COPLA performance was benchmarked by carrying out two complementary validation tests. First, to assess COPLA accuracy, we randomly removed 1000 plasmids from the 9894-plasmid set in the curated reference database (RefSeq84). COPLA was run using each of these plasmids as query. A summary of the results is shown in Table 1, while the individual output and scores are shown in Additional File 2. As can be observed, COPLA correctly assigns 94% of the plasmids in the test set. The main source of error was in the assignation of plasmids that belong to PTUs with low intracluster density (due to the existence of subclusters, as occurs in PTUs such as PTU-FE or PTU-FK), since the clustering algorithm is especially sensitive to variations in the constituent members of these clusters, as expected.

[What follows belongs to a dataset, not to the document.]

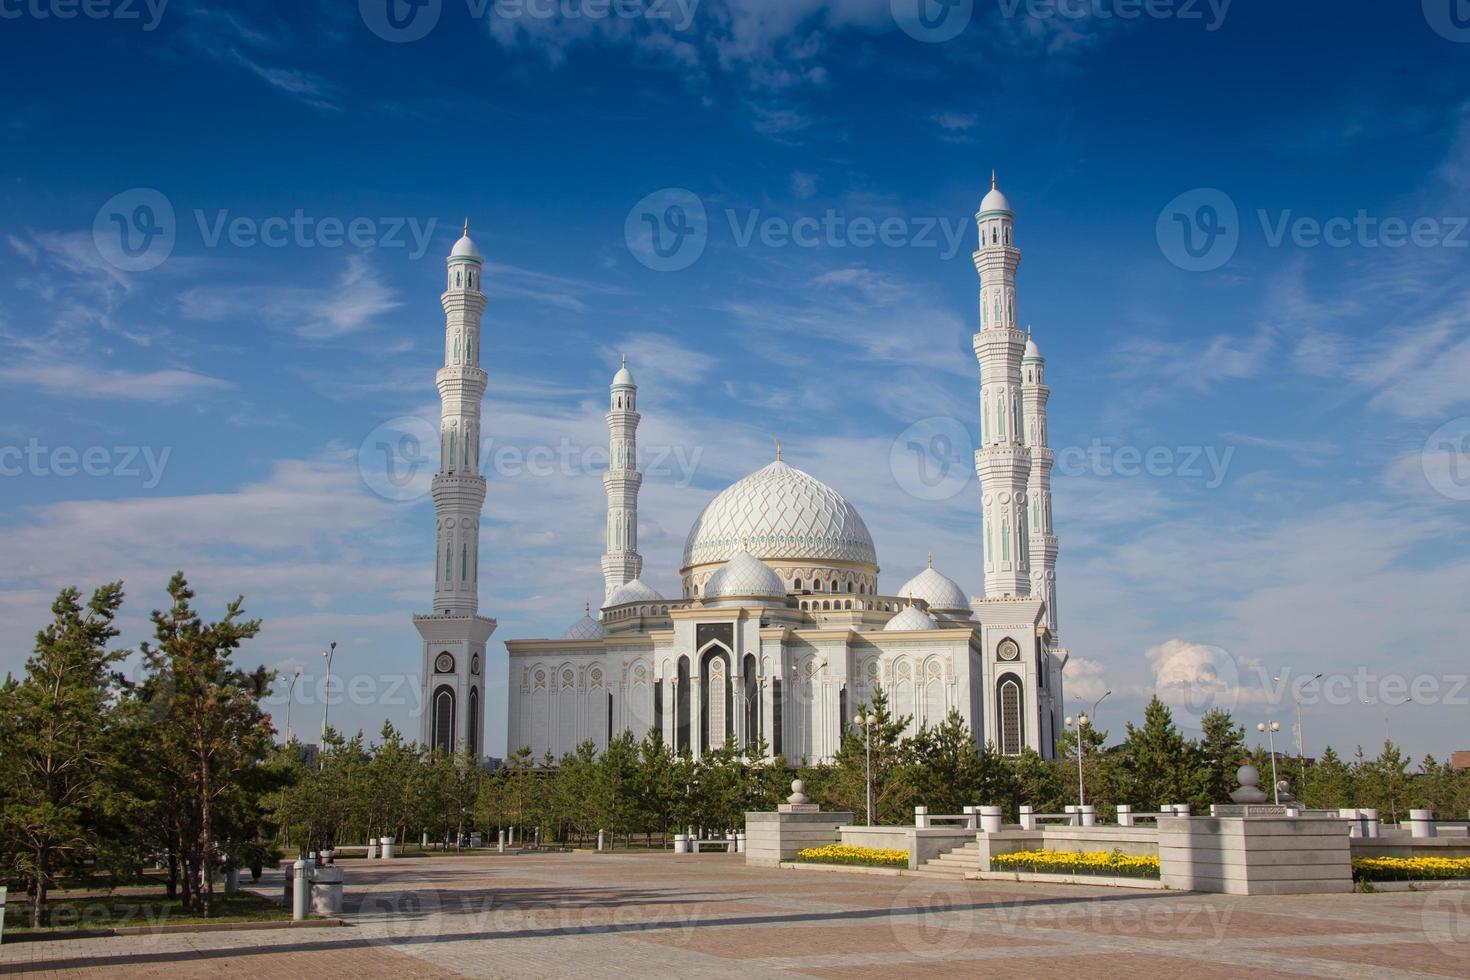 Yeni Cami Moschee in Astsana, Kasachstan foto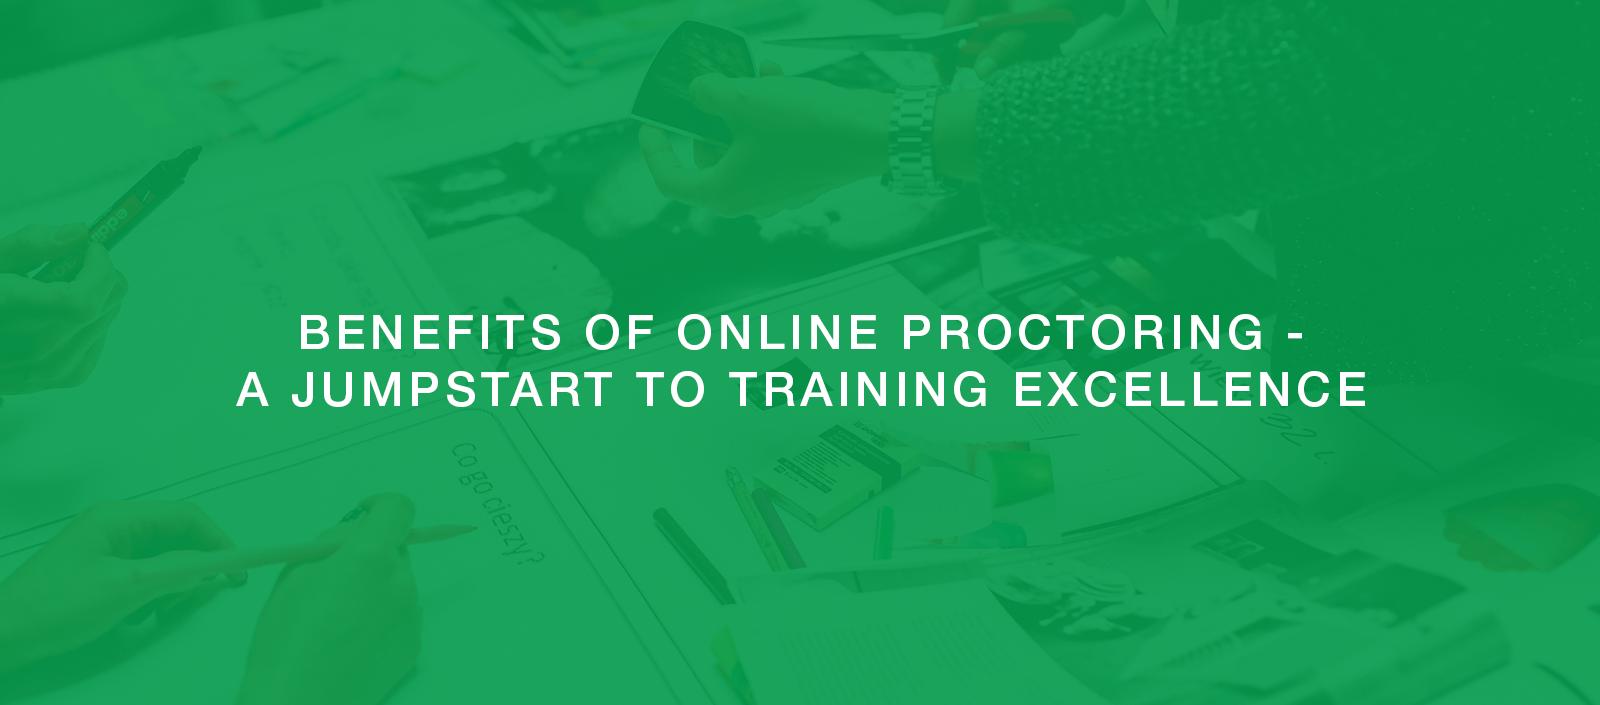 Online proctoring Benefits

Even with this caveat, COPLA only failed 6% of the times, so it can be considered as robust, accurate and consistent to the ground truth. Second, to assess the confidence of COPLA predictions, we randomly selected 1000 plasmids uploaded to NCBI after RefSeq84 was released (see Table 2) and run COPLA with each of these plasmids as query. The test set was obtained by downloading the RefSeq200 release (23,309 plasmid sequences), and removing those plasmid sequences already present in RefSeq84. A second filtering step was added, to eliminate sequences corresponding to genomic regions (NG_sequences in the NCBI notation) and incomplete sequences, which eliminated an additional 301 sequences. Additional file 3 lists the plasmids removed along with the rationale for their exclusion. After the filtering steps, a curated set of 12,561 new plasmids was obtained, from which 1000 were randomly chosen to evaluate COPLA.

Table 1.

COPLA accuracy for a set of 1000 plasmids

Outcome Enterobacterales Lactobacillales Bacillales All samples
PTU correctly assigned 230 (89%) 88 (92%) 107 (94%) 935 (94%)
Cluster reconstructeda 4 (2%) 5 (5%) 3 (3%) 31 (3%)
Total correct predictions 234 (91%) 93 (97%) 110 (96%) 966 (97%)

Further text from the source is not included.